Prince nailed his Super Bowl XLI performance back in 2007. Of course, Prince doesn't do anything unless it's dramatic, and his Halftime show was no different. Covering songs like Queen's "We Will Rock You," and Bob Dylan's "All Along the Watchtower," you couldn't keep your eyes off Prince. ANd but of course, the Grammy winner ended with his very famous hit, "Purple Rain."

(Photo by Photo by Jeff Kravitz/FilmMagic, Inc)

U2's Super Bowl XXXVI Halftime performance was show stopping to put it best. Just a few months after the 9/11 attacks in New York City, U2 performed a deeply emotional, heartbreaking and wonderful Halftime Show that left America speechless.

(Photo by KMazur via Getty Images)

Janet Jackson and Justin Timberlake delivered probably THE most iconic Halftime show moment of all time! I mean, we all know what happens about 17 seconds after this pic, but prior to you know, Nipplegate, JT and Janet were tearing it up! 

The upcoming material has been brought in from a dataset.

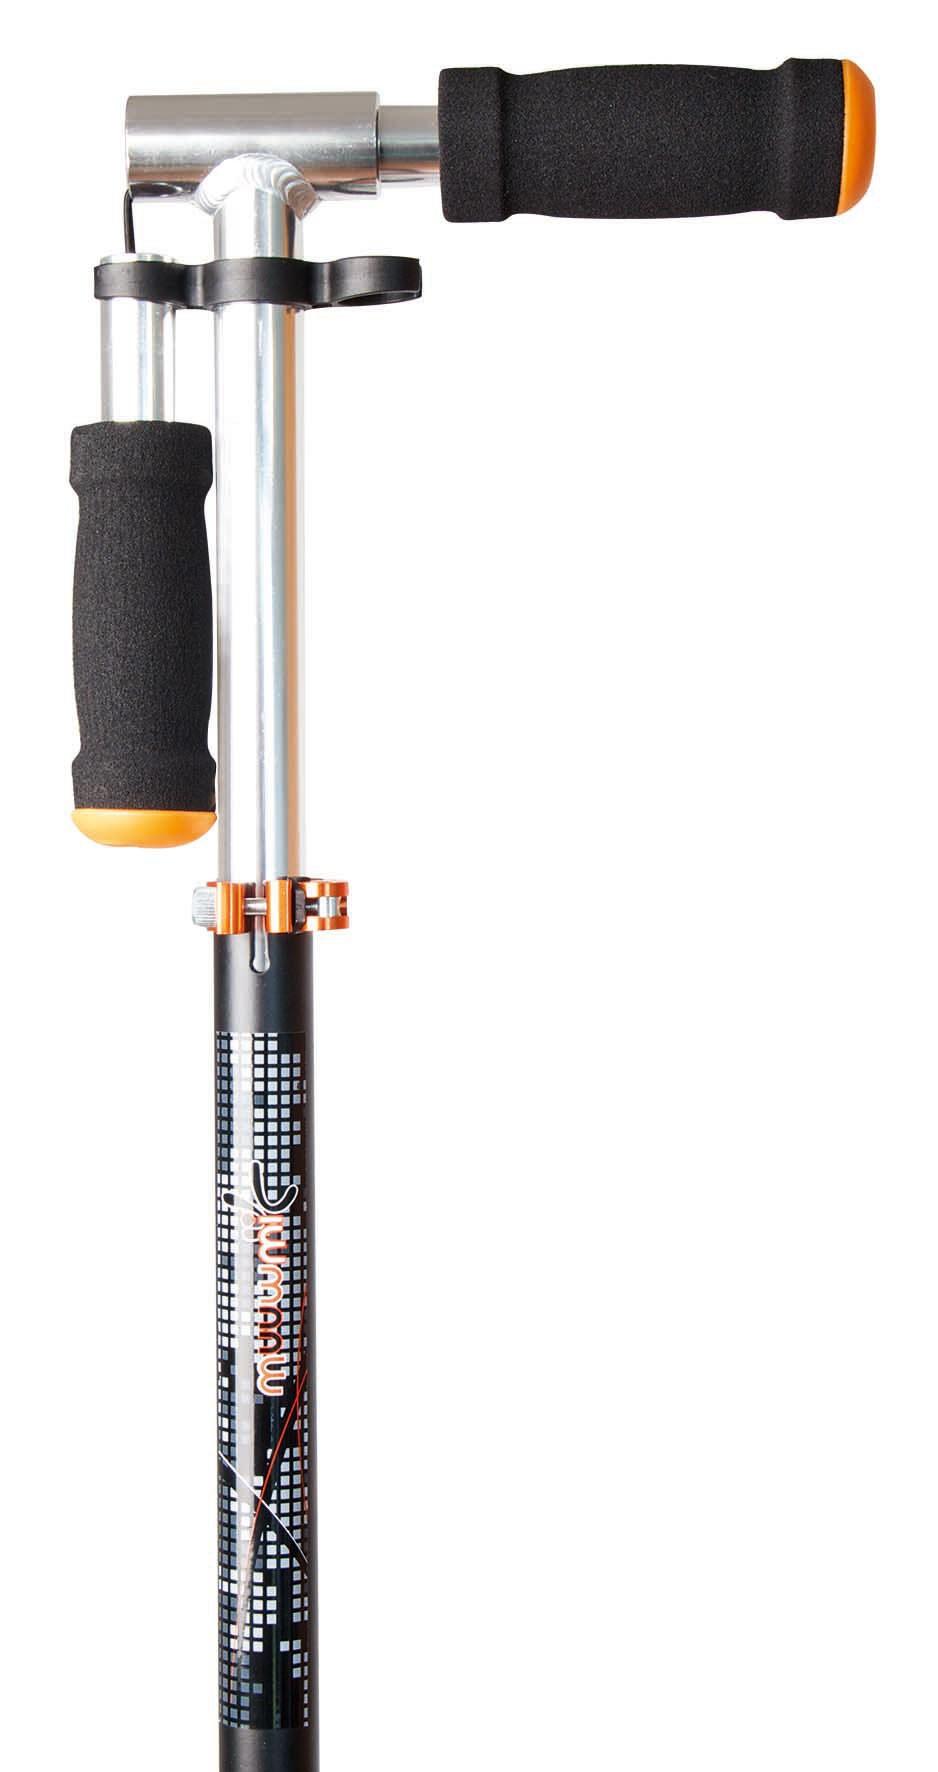 Alu Scooter / Cityroller Muuwmi 200mm schwarz-orange Bild 3

(Photo by JEFF HAYNES via Getty Images)

Bruno Mars performed during the Pepsi Super Bowl XLVIII Halftime Show at MetLife Stadium in New Jersey. With hits like "Locked Out of Heaven," and "Give It Away," featuring the Red Hot Chili Peppers, Bruno gave the performance of a lifetime! Also, for this year, there have been rumors we could see him join Coldplay!

(Photo by Elsa via Getty Images)

In yet another iconic performance, Madonna took the stage and performed a variety of her biggest hits like "Vogue" and "Like a Prayer." Also joined by LMFAO, Cee-Lo Green, Nicki Minaj and M.I.A, who of course flipped the bird to the camera, Madonna created an absolute stellar show from start to finish.